We observed a slow buildup of TPF fluorescence at the hyper-polarized pole, over 30 s post-electroporation (Fig. 2(e)), indicating efficient electroporation at the pole with SHG-predicted highest pore density. Such inter-pole SHG and TPF differences are consistent with work by Gabriel et al. and Pucihar et al. [23, 34] experimentally confirming that PI molecules enter the cell mainly through the hyperpolarized pole.

3.5. Electroporation threshold determined from SHG transient

In Fig. 4(c) the magnitude of the SHG transient correlated with electroporation is plotted as a function of voltage pulse value in the range 100–400V, corresponding to 10KV/m–40KV/m. A 3 to 4 fold increase of the SHG signal is observed from 300V to 400V suggesting a threshold for large-scale nanopore formation between 30 KV/m and 40KV/m. Consistent with usual electroporation threshold empirically determined for cultured cells [35].

4. Conclusion

The therapeutic applications of electroporation techniques would greatly benefit from improvements in efficiency and reproducibility of the transfection process as well as from the reduction of irreversible cell damage. Further, cell subtype selectivity in the transfection process based on cell geometry would be advantageous. This is the case of neuronal tissue in which selective transfection of specific neuronal populations, e.g. granular cells versus Purkinje cells in cerebellum, is therapeutically relevant and appears conceivably possible due to well-established differences in cell body and axonal and dendritic tree geometries across cell type.

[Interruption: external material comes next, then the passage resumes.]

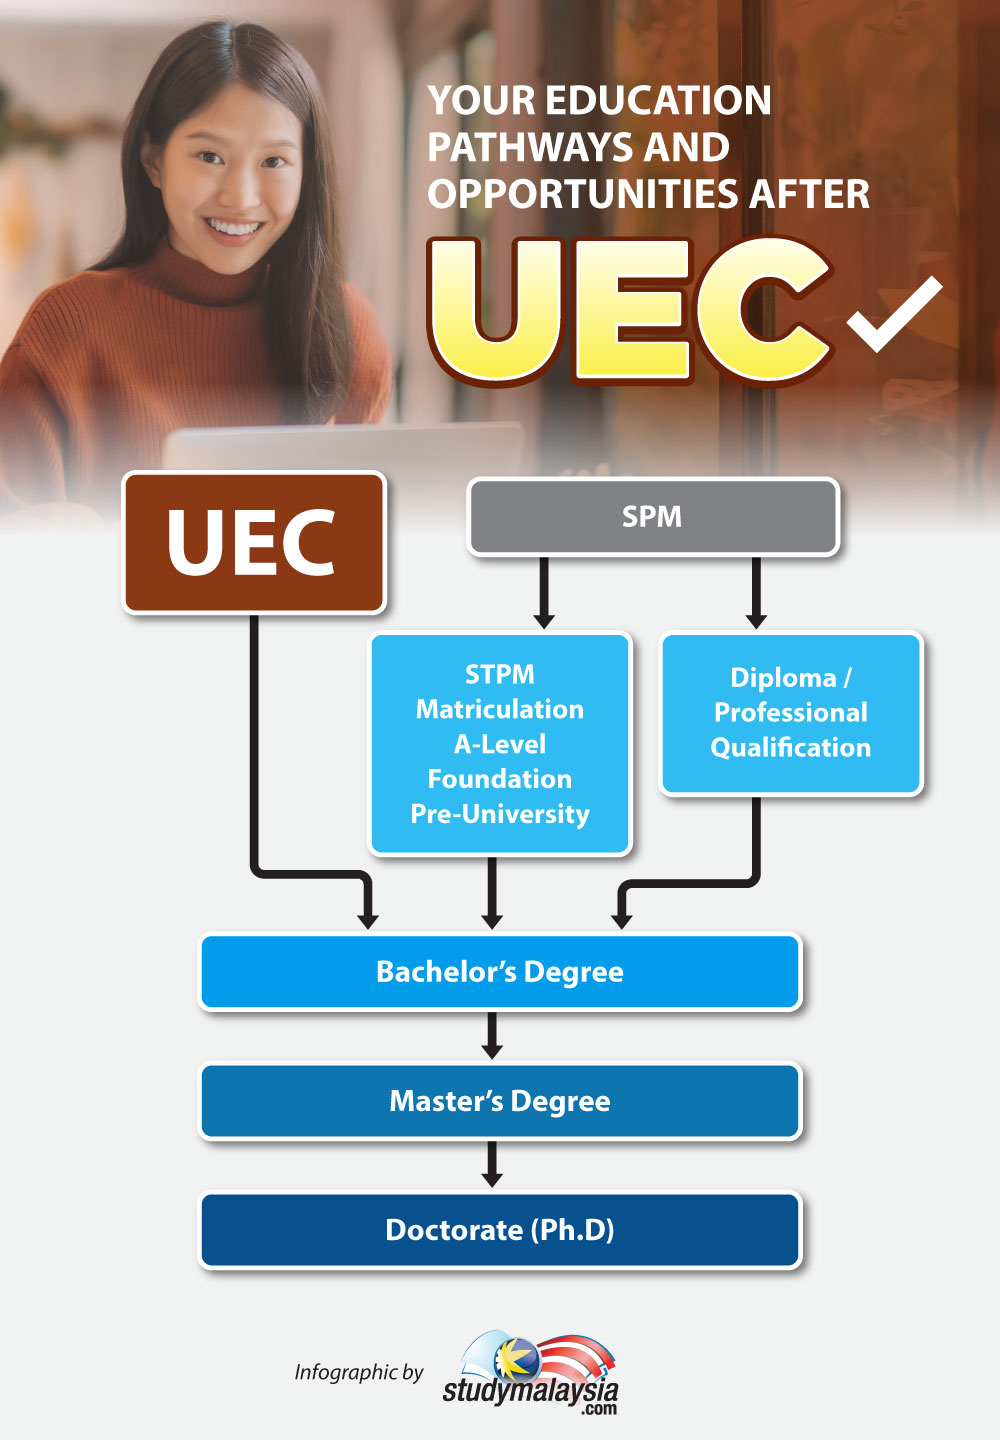 top-stories-2021-03-your-education-pathways-and-opportunities-after-uec-01.jpeg

Transfection success rates can be monitored optically and cell viability assays post-transfection are available. Yet informed optimization of electroporation protocols would be facilitated by access to the phenomena, pore population formation, subserving electroporation, as offered by the SHG described here; examples are the optimization of electrode position in relation to target neuron subpopulation and refinement of voltage amplitude and pulse duration for efficient but low-toxicity transfection.

The SHG technique presented here shows potential for space and time resolved monitoring of membrane dynamics during electroporation. Radiation lobe rearrangement, resulting from redistribution of scatterers in the membrane, can be related to pore population characteristics, shedding light on electroporation, a biophysically complex but promising technique from a therapeutic perspective.